Par conséquent, vous l’aurez compris, la dissimulation de plaque d’un véhicule, même stationné, tombe sous le coup de l’article R. 317-8.

Une question reste si la plaque est dissimulée par un chiffon: peut-on estimer que cela relève de son entretien ? Une interprétation extensive (à laquelle les tibunaux n’ont parfois pas peur de s’adonner au mépris de l’article 111-4 du code pénal) pourrait le penser.

Et quid de la bache qui dissimule la plaque ? Ici encore, le juge pourrait estimer que l’obligation d’entretien exige que le dispositif mis en place (par ex la bache) permette de vérifier la plaque (par exemple partie transparente).
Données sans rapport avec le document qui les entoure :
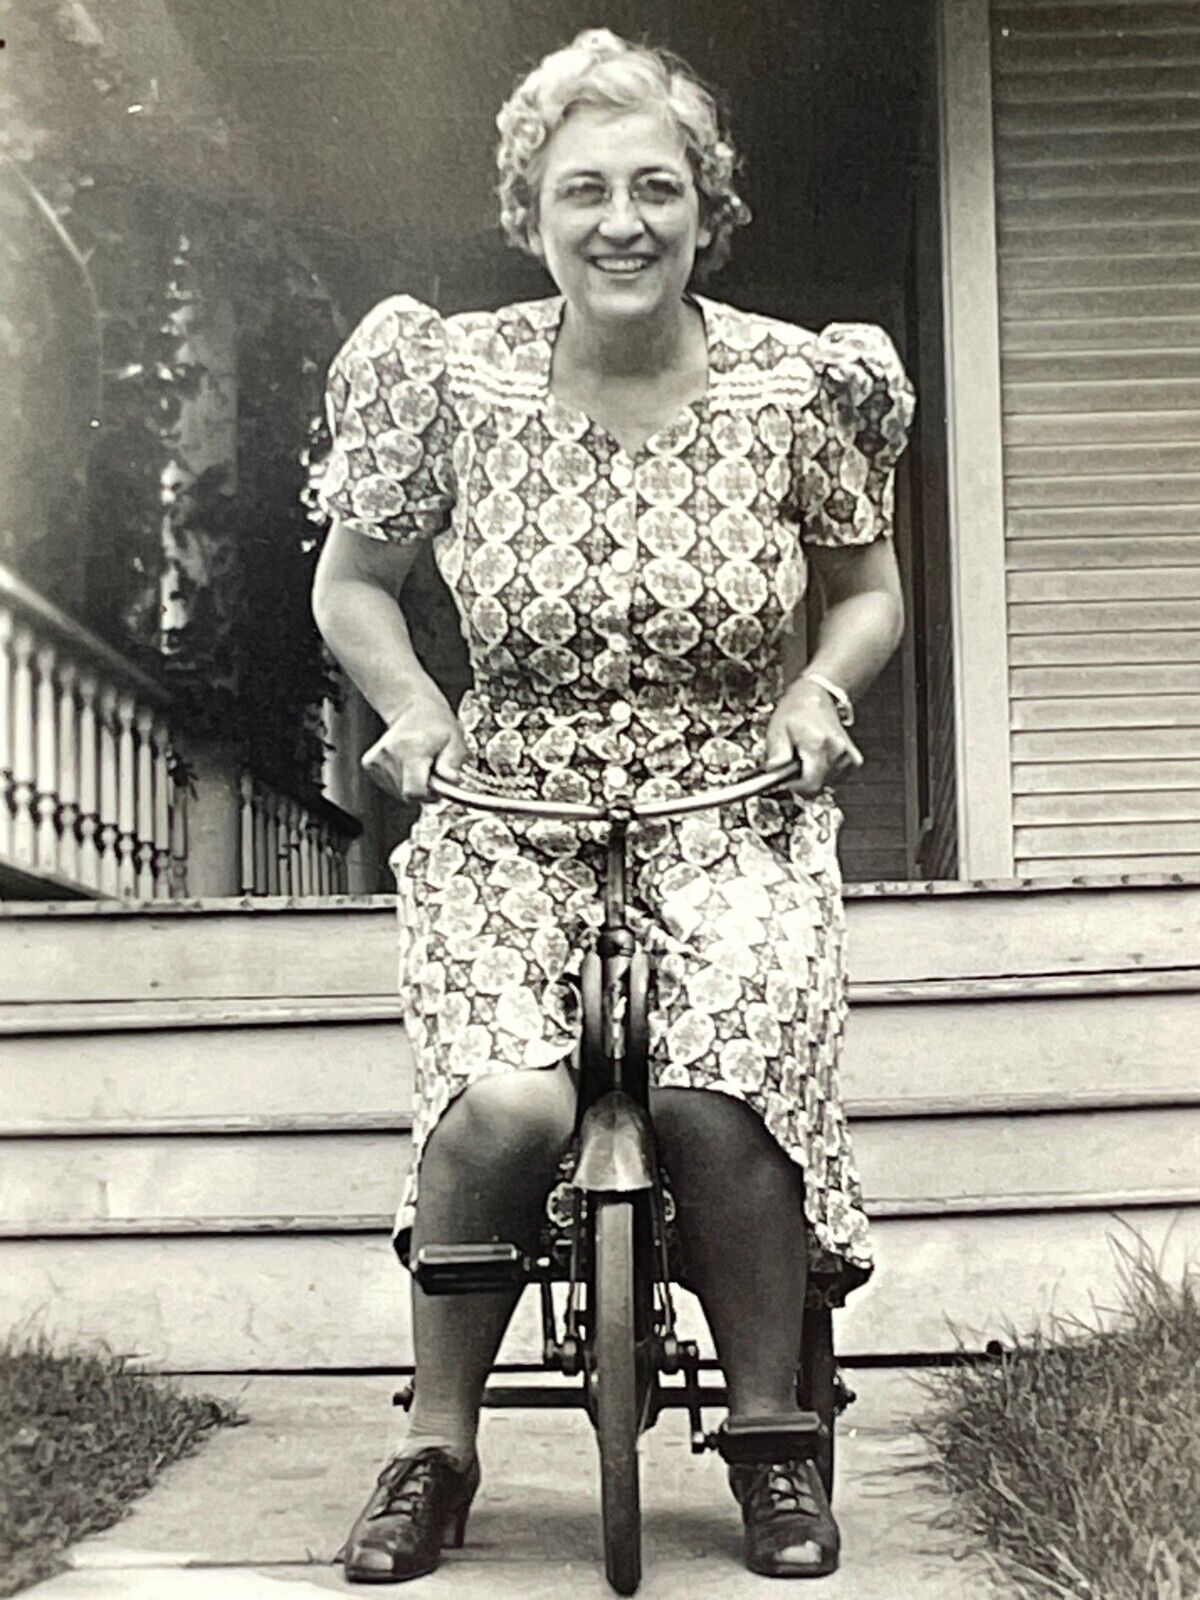 W3 Photograph Funny Old Lady Rides Riding Tricycle 1942 Silly Woman

C’est tout à fait possible techniquement mais si la bâche est là c’est surtout pour éviter le prix du stationnement.

    Ceci étant dit, ces poursuites sont très hypothétiques pour un véhicule en stationnement, sauf à être pris en flagrand délit.

    Et si le propriétaire n’est pas présent ?
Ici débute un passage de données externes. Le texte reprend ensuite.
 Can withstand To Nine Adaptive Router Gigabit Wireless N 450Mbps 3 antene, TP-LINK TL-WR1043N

    Ce n’est pas pertinent : celui qui est verbalisé ce n’est pas le conducteur mais le titulaire du certificat d’immatriculation, c’est à dire le propriétaire du véhicule, son gardien responsable de son entretien.

    Une jurisprudence de la cour de cassation (rare vu les enjeux dont il est question) le confirme (Cass. crim., 21 oct. 2015, n° 14-87.306. Lire en ligne : https://www.doctrine.fr/d/CASS/2015/JURITEXT000031374716) :

    “Attendu que, pour déclarer M. X… coupable, le jugement retient que cette infraction, qui concerne l’équipement du véhicule et non sa conduite, peut être relevée même si le véhicule n’est pas en mouvement et s’il n’y a pas de conducteur, que le véhicule était mis en circulation au sens du code de la route, dès lors qu’il se trouvait sur la voie publique, que le prévenu est le titulaire du certificat d’immatriculation et qu’il n’apporte pas la preuve contraire aux constatations de l’agent verbalisateur conformément aux prescriptions de l’article 537 du code de procédure pénale ;”
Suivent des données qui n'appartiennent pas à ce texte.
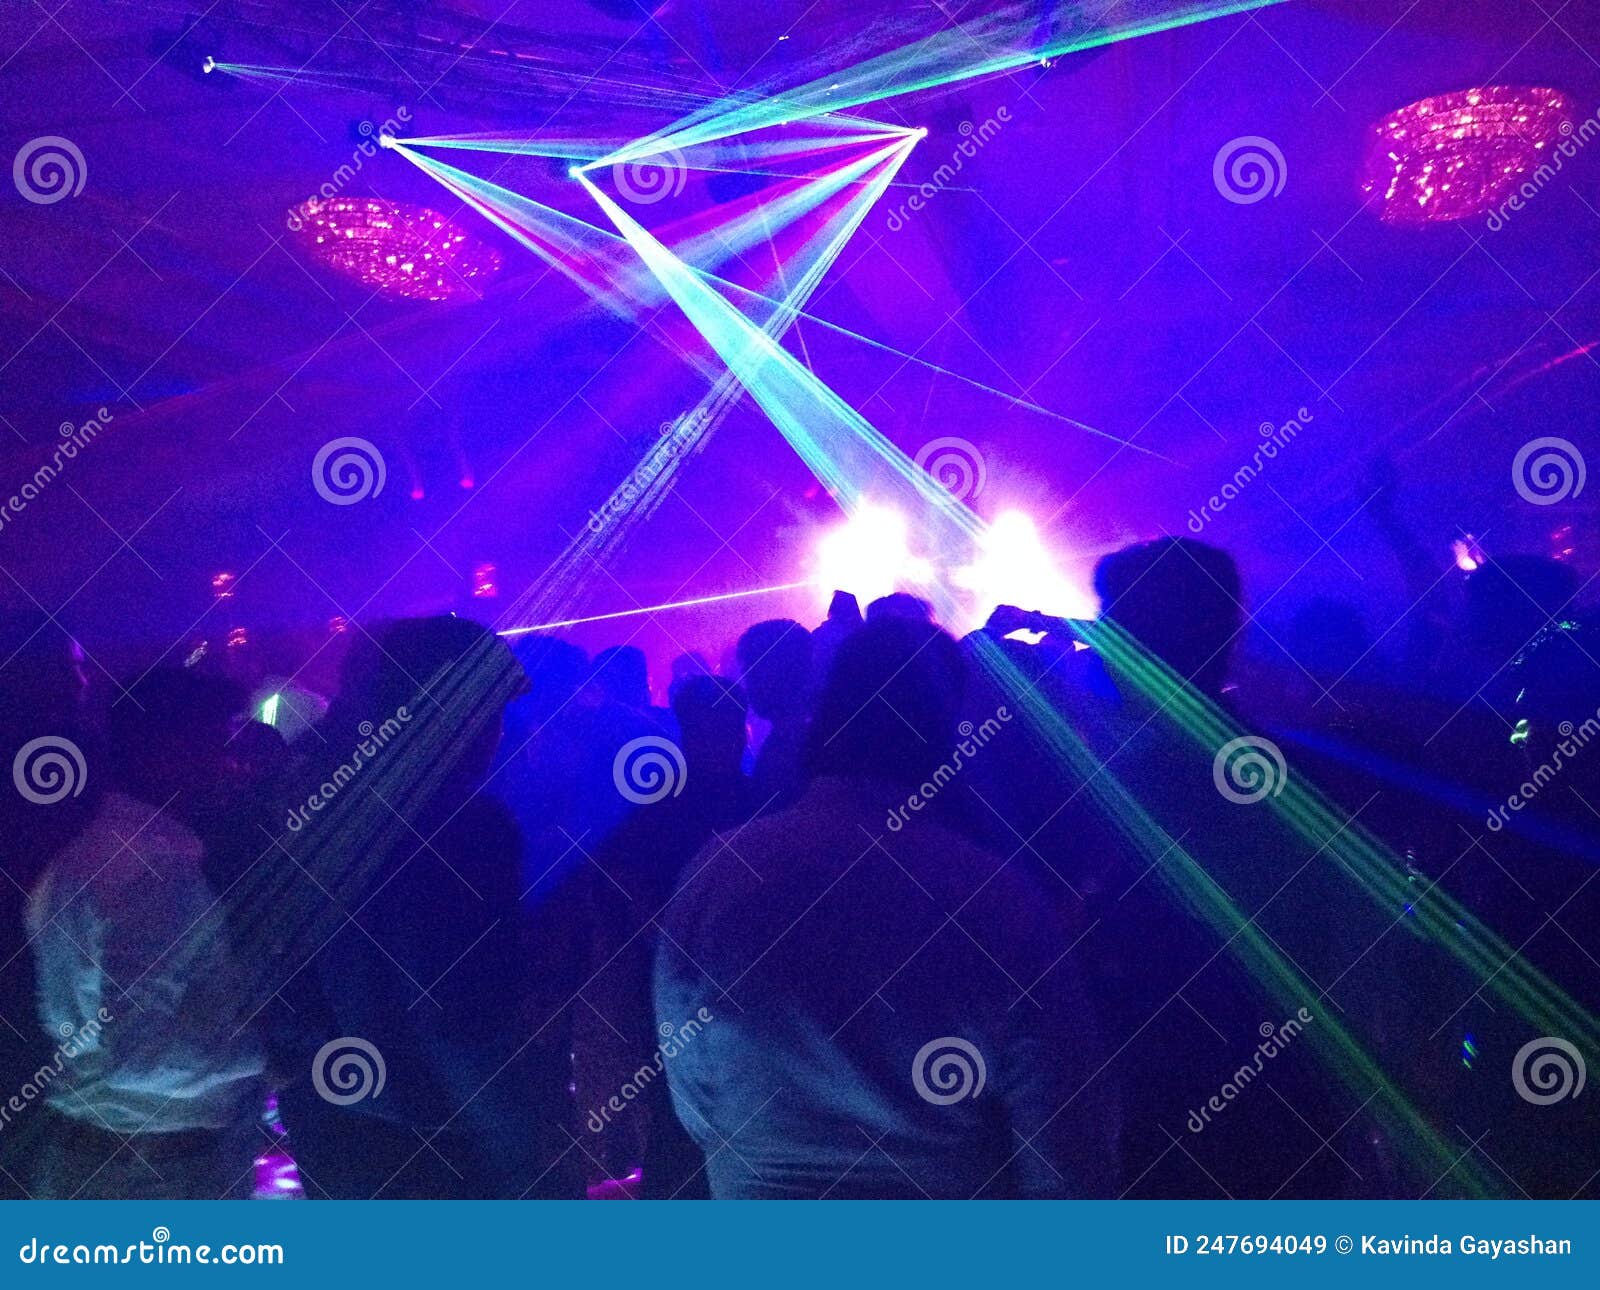 Indoor DJ Party Celebration with Disco Lights Stock Image - Image of ...

    Si votre voisin ne vous aime pas, il a tout intérêt à coller des scotchs dans toute la rue, comme il aurait intérêt à dissimuler l’existence d’un stop pour que vous vous fassiez prendre. C’est tellement hypothétique que ça n’arrive pas. Et si ça arrive, vous auriez alors une action pour harcèlement et en dégradations contre le petit malin, en plus de l’action indemnitaire.

    Sanction

    Amende de 135 €

    Les autres textes

    Le code de la route est un vrai foutoir, modifié à longueur de temps par des députés qui voulaient chacun rajouter leur article, créant un ensemble sans aucune cohérence.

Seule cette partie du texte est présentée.